When you tell someone that one of your parents is a narcissist, most people don’t really understand how big of a deal that is. They probably assume that you mean they spend a lot of time looking in the mirror, or perhaps trying to make everything about them, but that’s just not how it works.
Of course, I think the idea of having a narcissistic parent or partner is becoming more mainstream, thanks to the age of mental health openness and all us millennials blogging about our problems.
I grew up under the hand of a man who was controlling, but not just in the “Here let me do it” kind of way. In the, “You act, speak, live, dress and feel only how I tell you. If you don’t, not only will I lash out, put you down and punish you, but I will make sure everyone else feels that way about you too.”
I was never good enough unless I achieved perfection, which was defined by a standard that was unachievable. Not because I didn’t want to be that perfect person for him, but because I just didn’t have the ability to be that person. I wasn’t smart enough, talented enough, strong enough, fast enough; I had too many of my own ideas, too much of a backbone.
As a child, before I hit puberty, I was an angel. I was easily molded, manipulated and crafted into the perfect child. I didn’t have the nerve to fight back or to question his authority, and that meant peace, for me, was usually possible. As long as I behaved well, made him look good, and didn’t question him, I was the picturesque little girl.

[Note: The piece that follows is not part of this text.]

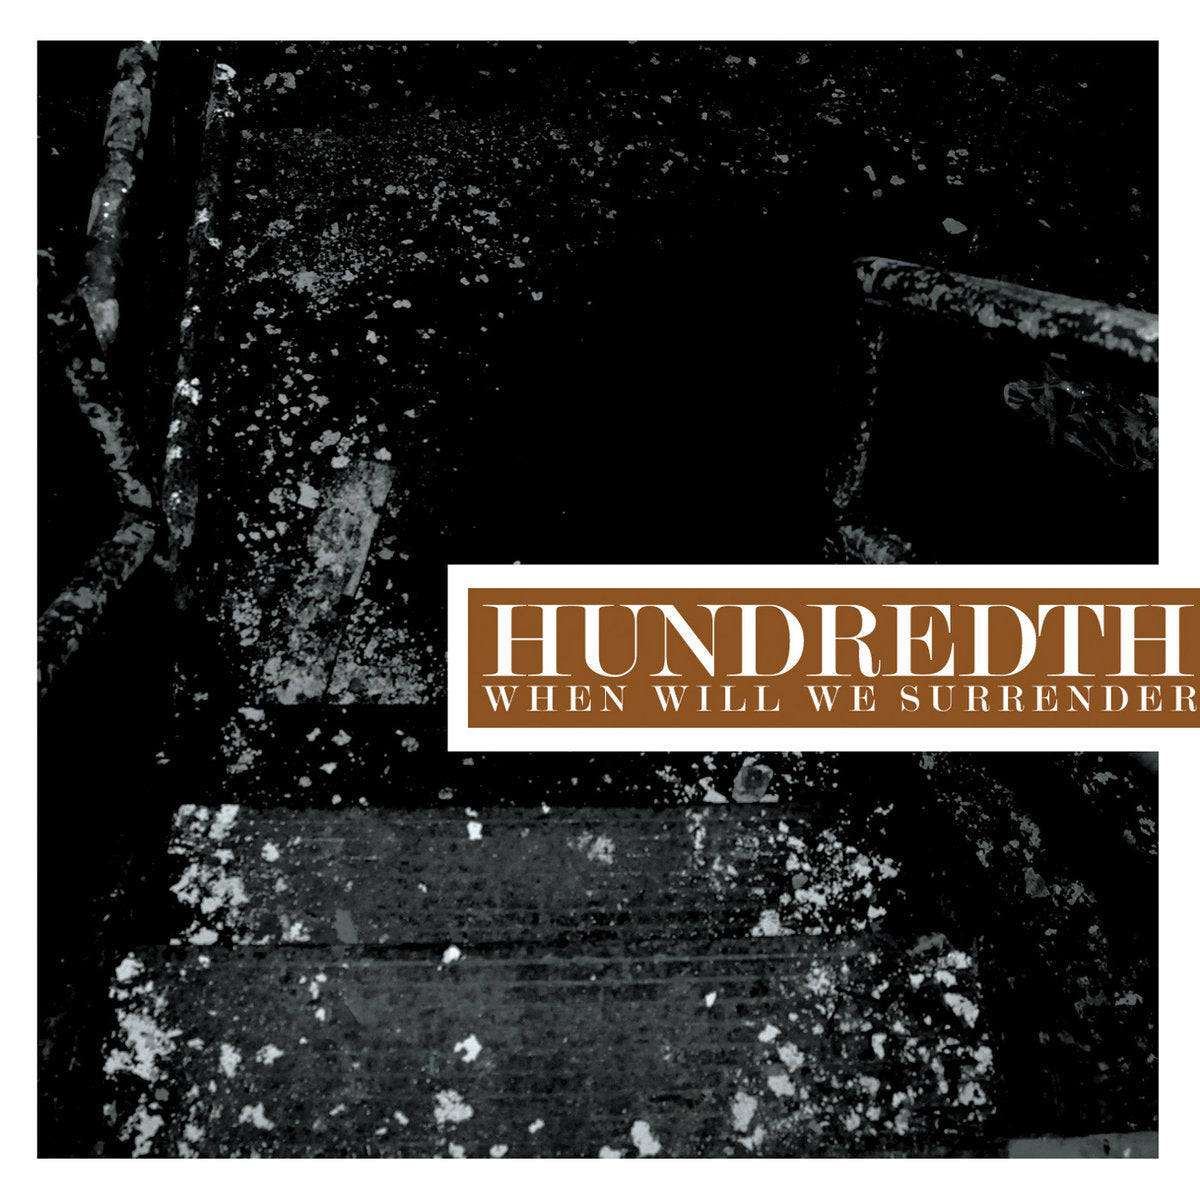 Hundredth "When Will We Surrender" 12" Vinyl
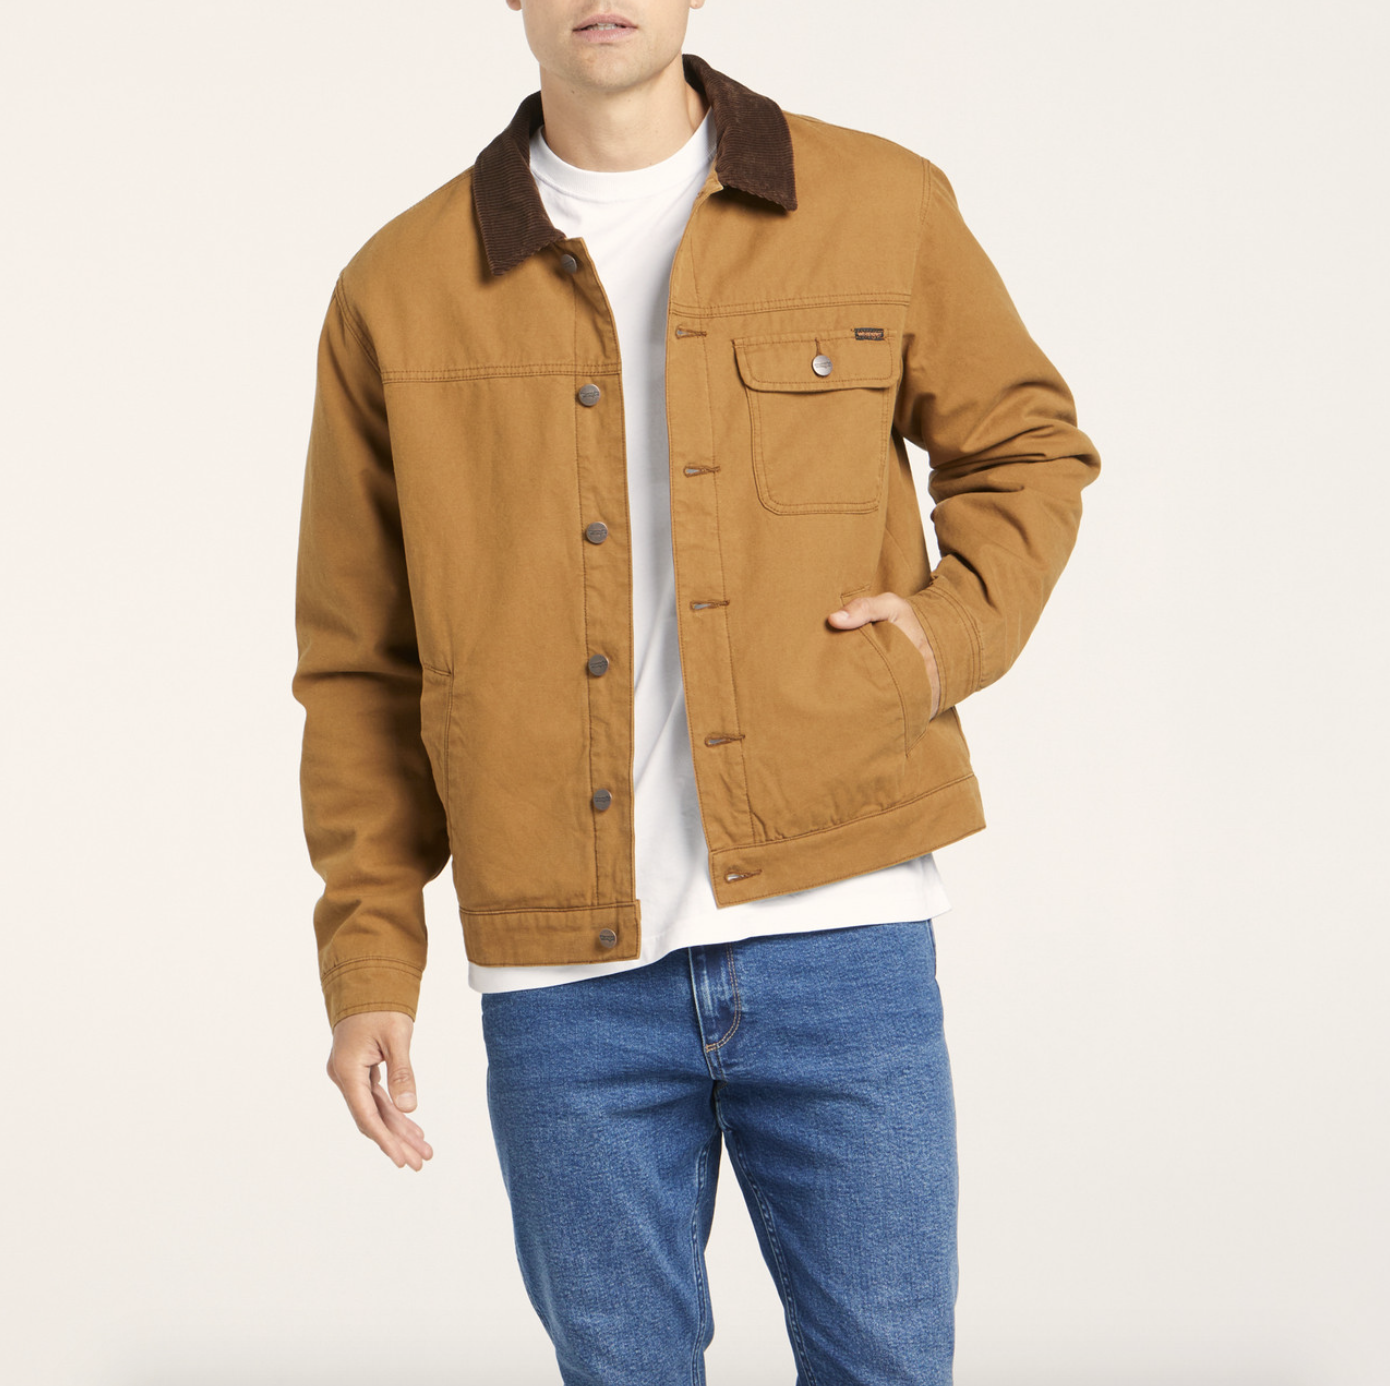 Wrangler Workwear Jacket - Duck Canvas - Jac n Jean

But, as I grew up, I started to feel the wrath of breaking outside of his ideal mold. His fits of rage over small moments were unpredictable, yet strangely predictable. He would resort to physical violence if he felt raising his voice wasn’t enough to make a point. He’d throw things, break things, take things, do whatever he could to prove he was not only the alpha, but he really didn’t appreciate you making him feel less than the perfect man he thought he was.
Once I got to the age where I could tell I didn’t deserve to be treated that way, my parents were already separated. I had weekend visits, and it got to the point where I didn’t want to go anymore. He didn’t respect me, he didn’t respect my siblings, and I didn’t want to be around someone who felt the only way I could gain his love was if I fit into his ideals of perfection. It was his way, or the highway.
And I chose the highway.
At the age of 15 I was disowned by not only my father, but by all of his family. They resented me, cut me out of holiday gatherings, and I was no longer supported by any of them. I was fortunate to have a mother who didn’t let his vicious ways beat her down, and an amazing boyfriend who kept me sane during a time in my life that was very, very hard to understand.
I had fallen from grace. I was no longer this cherished person, but someone cast aside because I dared to have my own voice. I had been demoted from the daughter he was proud of to, “Oh, her? We don’t talk about her.” At 15, that’s a hard realization to grasp.
This story line is, of course, just a small snippet of what life was like with him. There’s not enough space in the internet world to write down every moment he put me and my family through. But, I think it’s something that if you grew up with a parent like this, or have dated someone who is like this, you just get it. I don’t need to give you details, you just know that feeling.
You understand the fear that came from them coming home after work and not knowing how they were going to respond. Were they happy, sad, mad? Should I give them space, or should I approach them like any normal person would?
You understand the relief, happiness and guilt you felt when you knew they were leaving for a business trip and wouldn’t be home for a week. Knowing for one week, you could relax, sit back, and do your best to not stress every moment they were gone. There was a part of you that was happy they were gone, but at the same time, you had become so dependent on them telling you how to be and what to do, that it almost felt wrong not having them there.
You just get how everything you say, do, and believe is scrutinized, picked apart, and destroyed. How nothing you do will ever be good enough, because even when you’ve finally gotten to the top of the summit, you didn’t do it just right.
Most of all, you just know the feeling of the life draining negativity that radiated from their presence, and the long road to recovery that comes from suffering through that for years. The unconscious reactions to seemingly normal moments that create issues in relationships, both romantically and platonically.
For those of you who dealt with it as a child, you know just how much living under a roof with that person day in and day out has shaped your view on the world. My mental health would be in a much different state if I had grown up in a family without that daily turmoil and stress.
But there is just something about knowing that if none of this had happened, I wouldn’t have the skills, knowledge and strength that I have today. So as much as I hated what he put me and my family through for years, I almost have to thank him. He taught me a valuable lesson of how to stand strong for what I believe in when it would have been easier to cave; he showed me the kind of person not to be.
And that’s the biggest reason I can find to be thankful.